ИБ: Он был моряк, гардемарин последнего предреволюционного выпуска. В конце Гражданской войны он и Ханна Вульфовна, на которой он был тогда женат, оказались на Дальнем Востоке. Его фамилия, как и Анны Андреевны девичья, была Горенко. Он был такой Джозеф Конрад, но без литературных амбиций. Когда он расстался с Ханной, то довольно долго странствовал по Китаю и Японии — эти места он потом называл «андизайрбл плейсис». Плавал он там в торговом флоте, а когда после войны перебрался в Штаты, то стал здесь «секьюрити гард». Отсюда первую весточку о себе он послал Ахматовой не через кого иного, как через Шостаковича. Потому что так получилось, что Горенко охранял Шостаковича во время приезда того в Штаты. И таким образом Ахматова узнала о том, что ее брат жив. Потому что прежде контактов между ними, по-моему, вообще никаких не было. Вы можете себе представить, чем такие контакты могли бы обернуться. Только к концу ее жизни, когда времена стали снова, как бы это сказать, более или менее вегетарианскими, можно было опять думать о переписке, хотя бы и чрезвычайно нерегулярной. Горенко посылал Ханне и Анне Андреевне какие-то вещи — шали, платья, которыми Ханна чрезвычайно гордилась. Когда Анна Андреевна занедужила и с ней приключился третий инфаркт, ему послали телеграмму. Ну что он мог сделать? Приехать? Он был женат на американке, жил в Бруклине. Когда в свое время Ханна Вульфовна вернулась с Дальнего Востока в Россию — она была такая нормальная КВЖДинка — то, по-моему, села — и крепко. А может быть, и нет. Вы знаете, вот это не помнить — грех. Мы с ней очень любили друг друга, хорошо друг к другу относились; и я ей стихи какие-то посвятил. Но вот что происходит с памятью… Или это не столько память, сколько нагромождение событий?

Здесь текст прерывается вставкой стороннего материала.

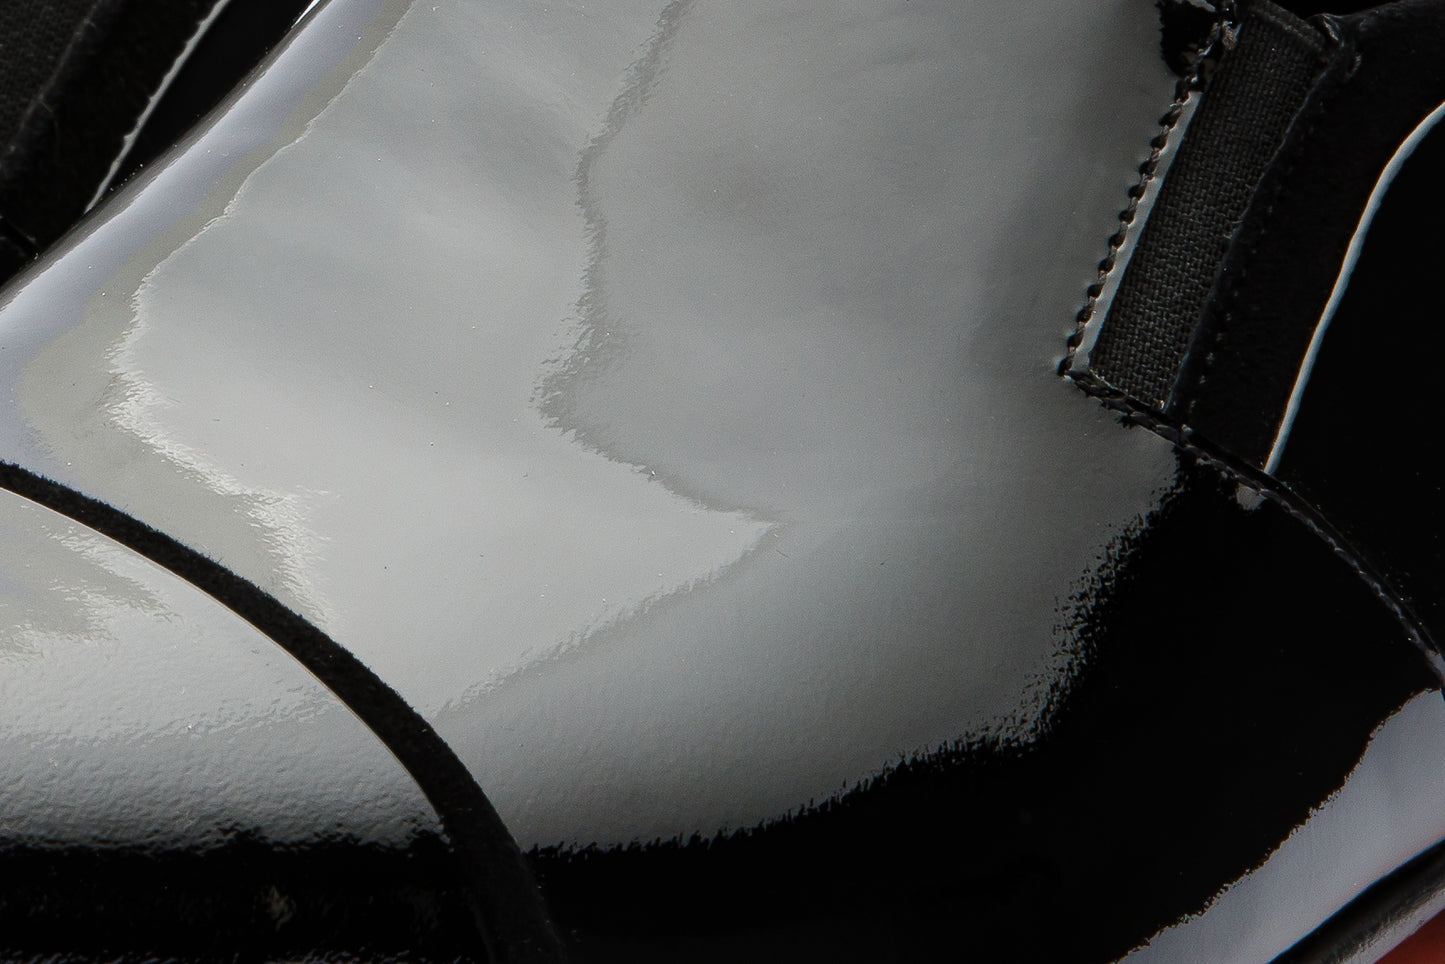 The Marlo Shoe Black Patent Leather Cap Toe Slip-On Dress Loafer Men  Shoe

СВ: Что Анна Андреевна рассказывала о своем отце?

ИБ: Андрей Антонович Горенко был морским офицером, преподавал математику в Морском корпусе. Он, кстати, был знаком с Достоевским. Этого никто не знал, между прочим. Но в 1964 году вышли два тома воспоминаний о Достоевском. И там были напечатаны воспоминания дочки Анны Павловны Философовой о том, как Горенко и Достоевский помогали ей решать арифметическую задачку о зайце и черепахе. Я тогда жил в деревне, эти воспоминания прочел и, умозаключив, что речь идет об отце Ахматовой, написал об этом Анне Андреевне. Она была чрезвычайно признательна. И потом, когда мы с ней встретились, уже после моего освобождения, она примерно так говорила: «Вот, Иосиф, раньше была только одна семейная легенда о Достоевском, что сестра моей матери, учившаяся в Смольном, однажды, начитавшись „Дневников писателя“, заявилась к Достоевскому домой. Все как полагается: поднялась по лестнице, позвонила. Дверь открыла кухарка. Смолянка наша говорит: „Я хотела бы видеть барина“. Кухарка, ответивши „сейчас я его позову“, удаляется. Она стоит в темной прихожей и видит — постепенно приближается свет. Появляется держащий свечу барин. В халате, чрезвычайно угрюмый. То ли оторванный от сна, то ли от своих трудов праведных. И довольно резким голосом говорит: „Чего надобно?“ Тогда она поворачивается на каблуках и стремглав бросается на улицу». И Анна Андреевна, помнится, добавляла: «До сих пор это была наша единственная семейная легенда о знакомстве с Достоевским. Теперь же я рассказываю всем, что моя матушка ревновала моего батюшку к той же самой даме, за которой ухаживал и Достоевский».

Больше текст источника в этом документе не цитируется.